Vernor Vinge, a science fiction writer, coined the term "singularity" to describe this scenario. The technological singularity is an occurrence beyond which events are unpredictable or even unfathomable since it is difficult or impossible to know the limits of intelligence or the capabilities of super intelligent computers. Objects, attributes, categories, and interactions between objects; situations, events, states, and time; causes and consequences; knowledge about knowledge; default thinking; and other domains have all been represented by AI research. The breadth of commonsense knowledge and the sub-symbolic structure of most commonsense knowledge are two of AI's most difficult difficulties. Content-based indexing and retrieval, scene interpretation, clinical decision support, knowledge discovery, and other domains all use formal knowledge representations.
Risks
Smart spyware, face recognition, and voice recognition allow widespread surveillance; such surveillance allows machine learning to classify potential state enemies and prevent them from hiding; recommendation systems can precisely target propaganda and misinformation for maximum effect; deep fakes aid in the production of misinformation; advanced AI can make centralized decision markets. Other forms of weaponized AI, such as advanced digital warfare and lethal autonomous weaponry, may be used by terrorists, criminals, and rogue nations. Over fifty countries were said to be working on battlefield robots by 2015.

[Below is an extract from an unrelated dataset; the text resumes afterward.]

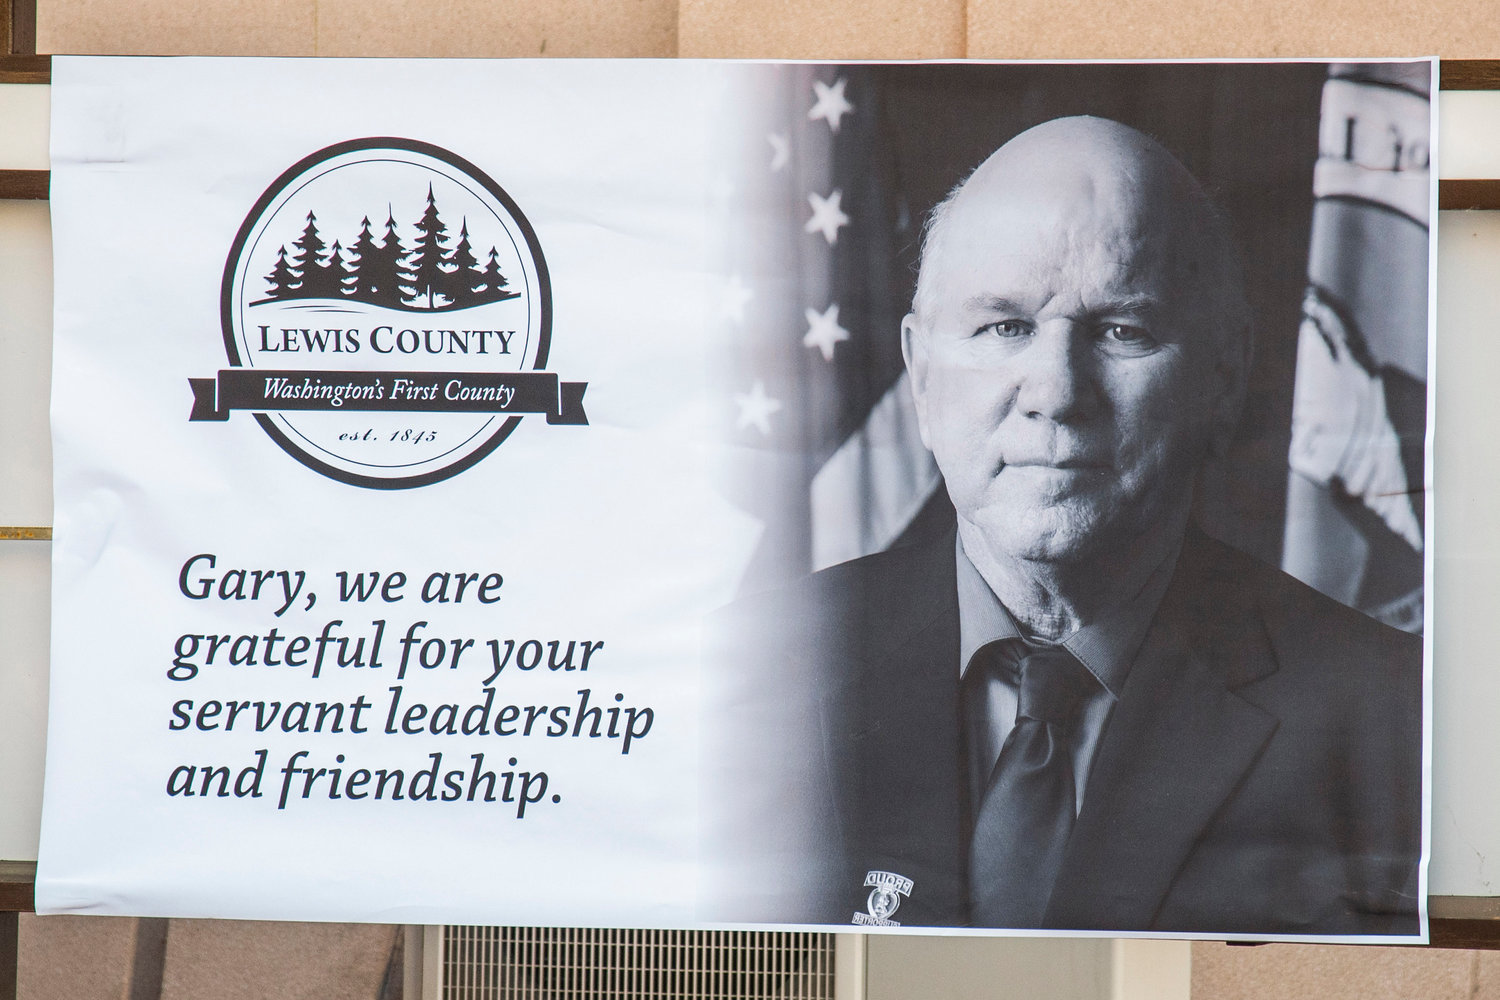 Signage outside the Lewis County Historic Courthouse reads, “Gary, we are garetful for your servant leadership and friendship,” Friday morning in Chehalis.

After learning from real-world data, AI programmes may become prejudiced. Because it is learned by the software rather than introduced by the system designers, programmers are frequently ignorant of the bias. The way training data is chosen can accidentally cause bias. It can also originate from correlations: AI is used to classify individuals into groups and then make predictions based on the assumption that the individual will resemble the group's members. This assumption may be incorrect in some instances. COMPAS, a commercial programme frequently used by US courts to assess the possibility of a defendant becoming a recidivist, is an example of this.
Despite the fact that the programme was not told the defendants' races, ProPublica reports that the COMPAS-assigned recidivism risk rating of black defendants is considerably more likely to be an overestimate than that of white defendants. When AI is used for credit assessment or recruiting, for example, algorithmic bias might lead to biased results. Because of knowledge representation and knowledge engineering, AI machines can intelligently answer questions and make deductions about real-world facts. Ontology is a collection of objects, relations, concepts, and attributes that have been clearly established for software agents to understand. The most wide ontologies are upper ontologies, which attempt to offer a foundation for all other information and act as mediators between domain ontologies that cover specific knowledge about a given knowledge topic (field of interest or area of concern). The semantics of ontology are represented using description logic such as the web ontology language.